Zitat: Die Geschichte vergisst nichts, nur die Menschen Seite 561!
Was für ein grandioses, intensives und unter die Haut gehendes Leseerlebnis! Wieder einmal hat Bettina Storks mit ihrem Roman Die Schwestern von Krakau ein wahres Meisterwerk erschaffen und mich mit ihrer Schreibkunst tief beeindruckt! Auf den Leser wartet eine hervorragend aufgebaute, durchdachte und exzellent recherchierte Geschichte, die unglaublich atmosphärisch ist, voller emotionaler Szenen steckt und mich von der ersten bis zur letzten Seite in den Bann gezogen hat. Ein Roman gegen das Vergessen, der einem betroffen und sprachlos macht, zu Tränen bewegt und berührt, zum Nachdenken und Reflektieren anregt und einen dankbar macht im Jetzt leben zu können. Die faszinierenden und authentisch dargestellten Charaktere, die die Autorin so facettenreich mit all ihren Ecken und Kanten erschaffen hat, haben es mir leicht gemacht ihre Gedanken, Emotionen und Handlungen 1 zu 1 auf mich zu übertragen und das Erlebte hautnah mit ihnen zu teilen. Bettina Storks versteht es einfach mit ihrer unglaublich feinfühligen und sensiblen Art zwischenmenschliche Gefühle zu beschreiben.

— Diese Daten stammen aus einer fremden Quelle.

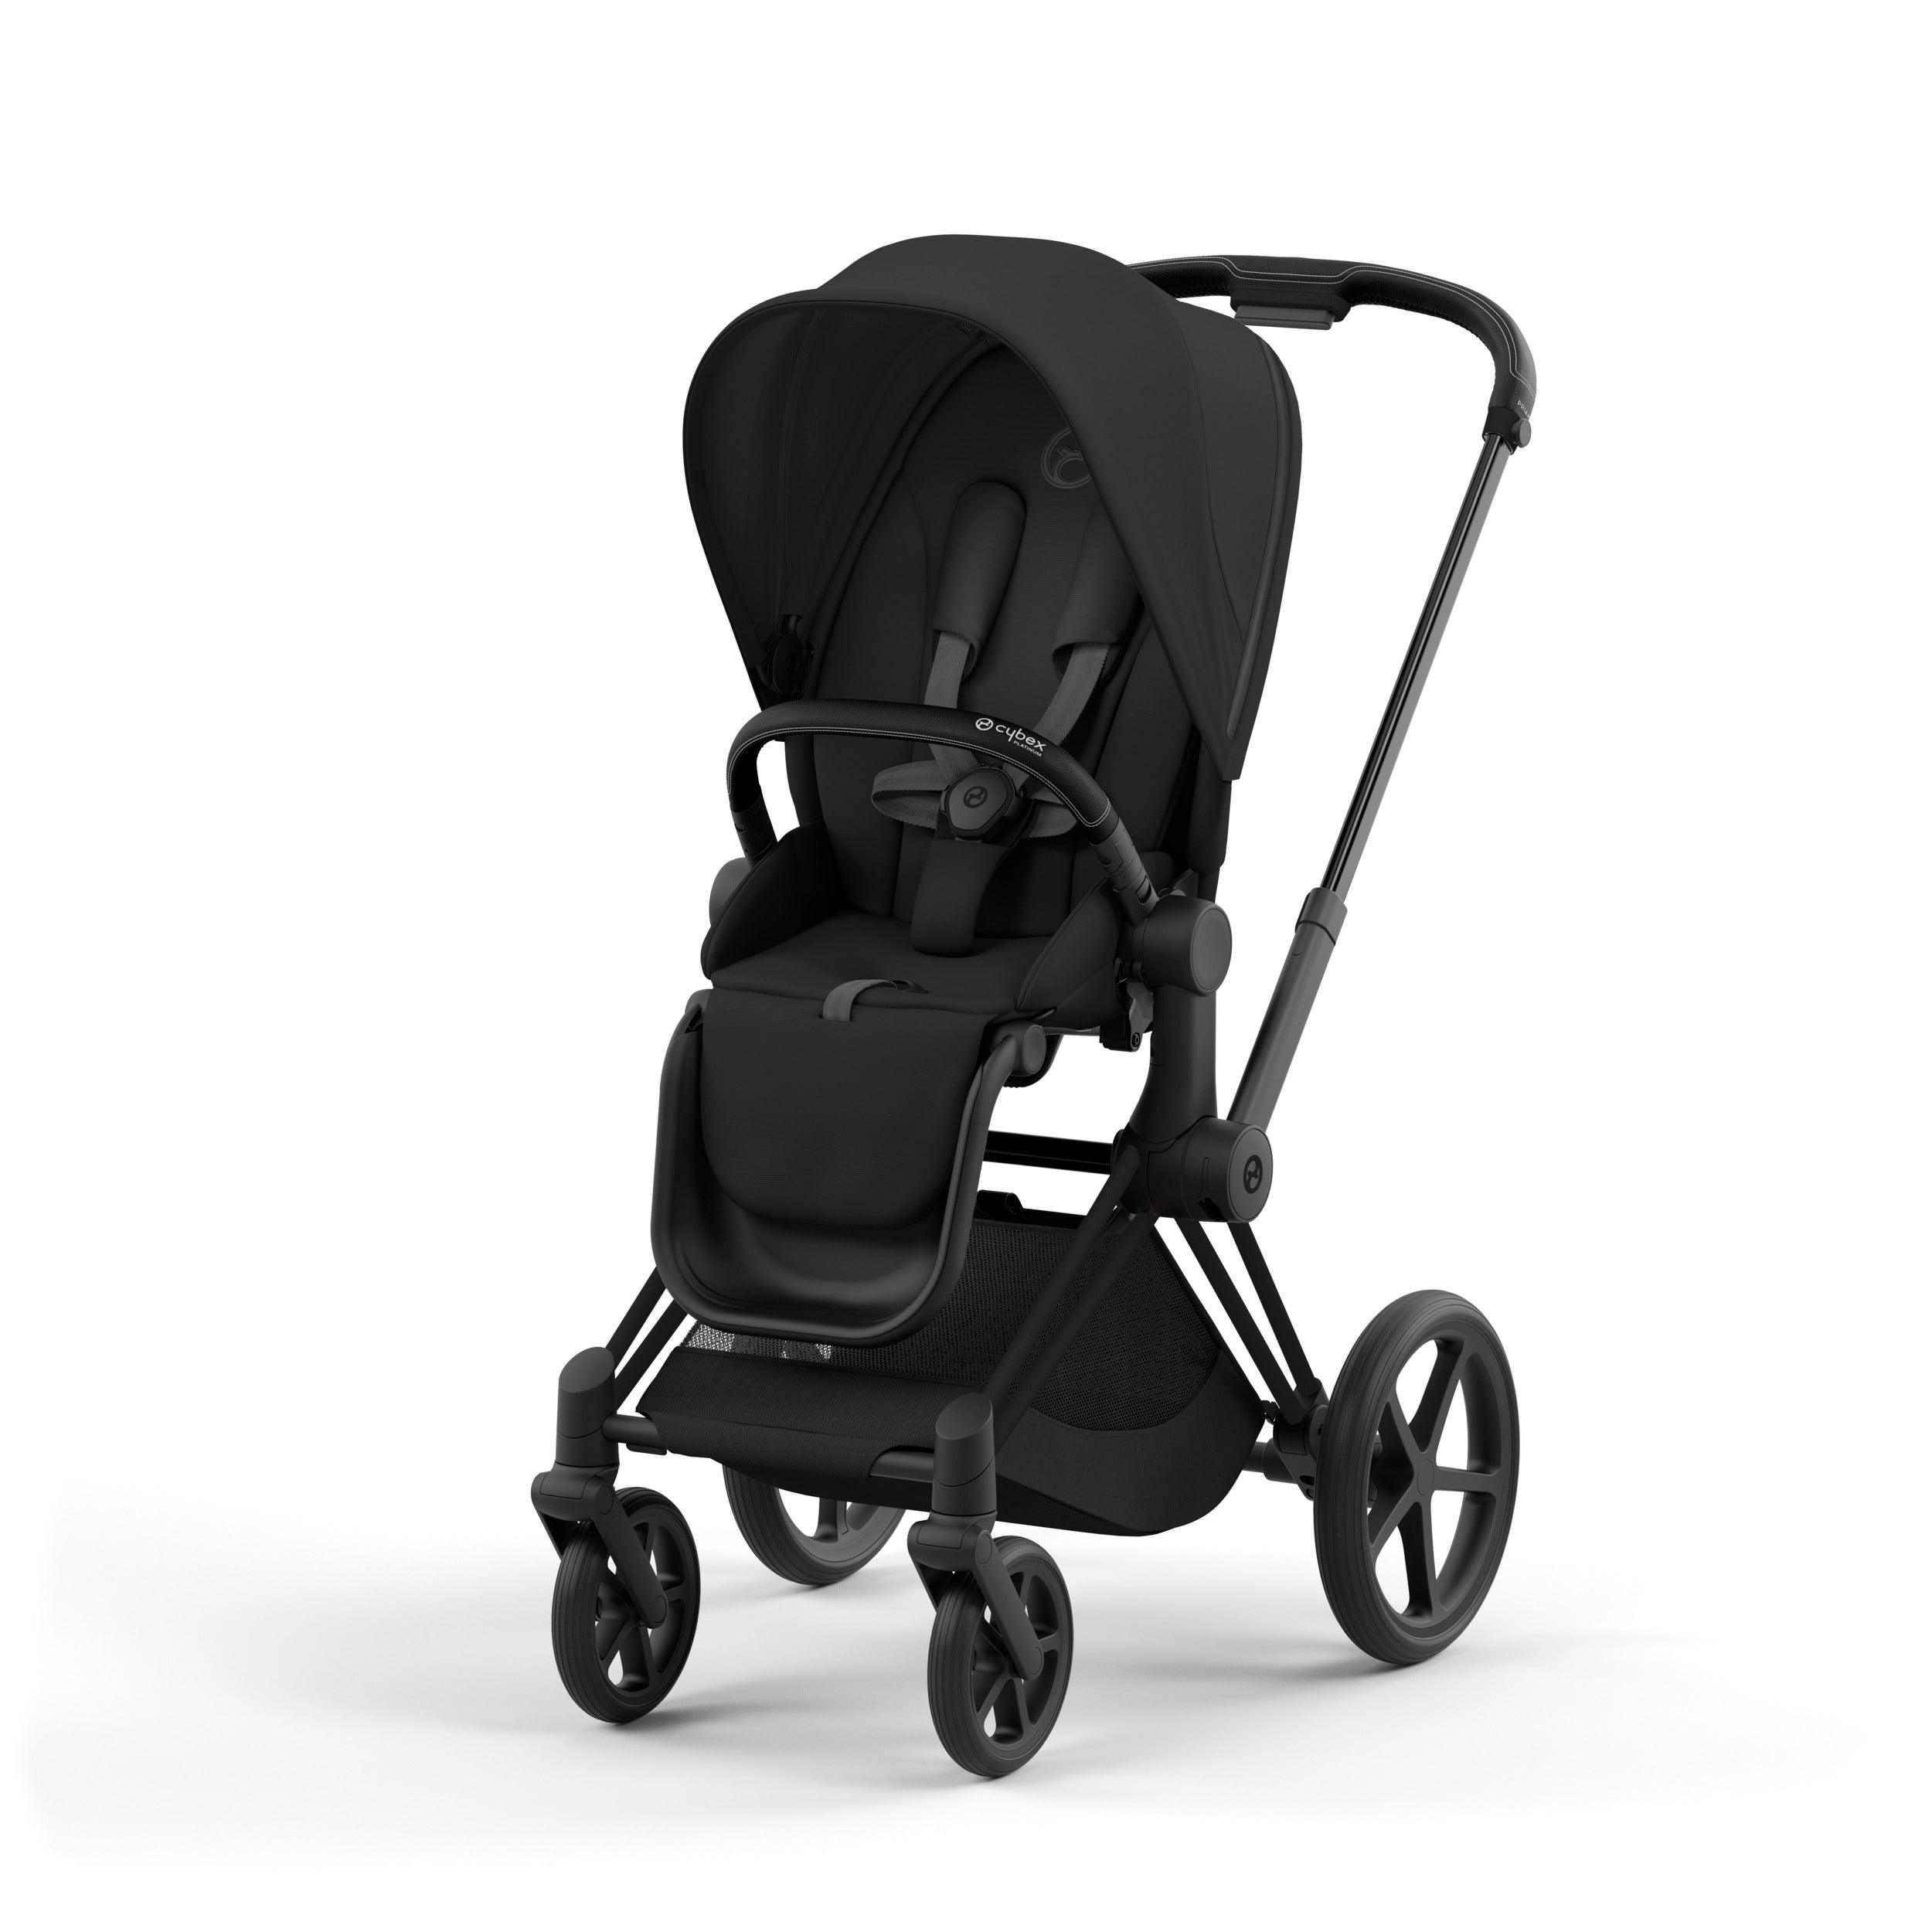 CYBEX Priam Baby Stroller in Sepia Black & Matte Black frame

Die Hauptschauplätze des Romans sind Krakau und Paris, an denen die Geschichte auf zwei verschiedenen Zeitebenen im Jahr 2017 und der Zeit von 1941-1946 stattfindet und aus der Sicht von Èdith , Tatjana, Lilo, der Widerstandskämpferin Gusta und Simon erzählt wird. Als Simon Mercier 2017 in Paris stirbt, entdeckt seine Tochter Èdith, das ihr Vater ihr einen Teil seines Lebens vorenthalten hat. Auf der Suche nach den deutsch-polnischen Wurzeln ihrer Familie lernt sie ihre Großcousine Tatjana aus Fellbach kennen und beide spüren direkt ein unsichtbares und vertrautes Band zwischen sich. Èdith nimmt ihre Recherche in Paris und Tatjana in Krakau auf und das, was sie auf ihren Reisen dabei Erfahrung bringen, hat mir die besondere Geschichte von Krakau in der Zeit des Nationalsozialismus auf eine neue und ganz andere Weise näher gebracht. Es hat mich beeindruckt, wie intensiv und eindringlich Bettina Storks in Lilos und Gustas Erzählpart das Zusammenleben der damaligen Bevölkerung, zu denen die polnischen und volksdeutschen Bewohner, die Verfolgten, die Widerstandskämpfer und die deutschen Besatzer gehörten, beschrieben hat und dabei deren Angst, Ungewissheit, Entsetzen, Verzweiflung, Leid, Hoffnung, Mut, Kampf um Gerechtigkeit, Identität und Freiheit, die Suche nach Liebe in unheilvollen Zeiten und die Willfährigkeit der Besatzer, zum Ausdruck bringen konnte. Anhand schriftlicher Hinterlassenschaften von historischen Persönlichkeiten hat die Autorin ungeschönt die Ereignisse in Krakau mit der fiktiven Familiengeschichte verknüpft und bei mir so viel Gänsehautmomente ausgelöst und mich sprachlos gemacht. Wie unterschiedlich Menschen mit dem Erlebten umgehen kommt im Buch auch zu Sprache, einige verbannen es aus ihren Gedanken und ihrem Gedächtnis, andere teilen ihre Erfahrungen und Erinnerungen damit sie nicht vergessen werden. Das auch heute noch Spuren, Sünden und Wunden der Vergangenheit in den Köpfen einzelner Menschen und sichtbar im Stadtbild von Krakau sind, fasst die Autorin durch Tatjanas Reisen nach Krakau ebenfalls sehr feinfühlig in Worte.
Sehr ergreifend fand ich die Geschehnisse zum Ende hin, als alle losen Enden langsam zusammengeführt werden und auch die letzten Familiengeheimnisse aufgedeckt wurden.
Mein Fazit:
Ich habe gespürt, wieviel Herzblut, Zeit und Liebe Bettina Storks in diesen Roman hineingesteckt hat. Unendliche Sterne und eine absolute Leseempfehlung gibt es von mir für diesen ganz besonderen Buchschatz, der mir noch lange in Erinnerung bleiben wird!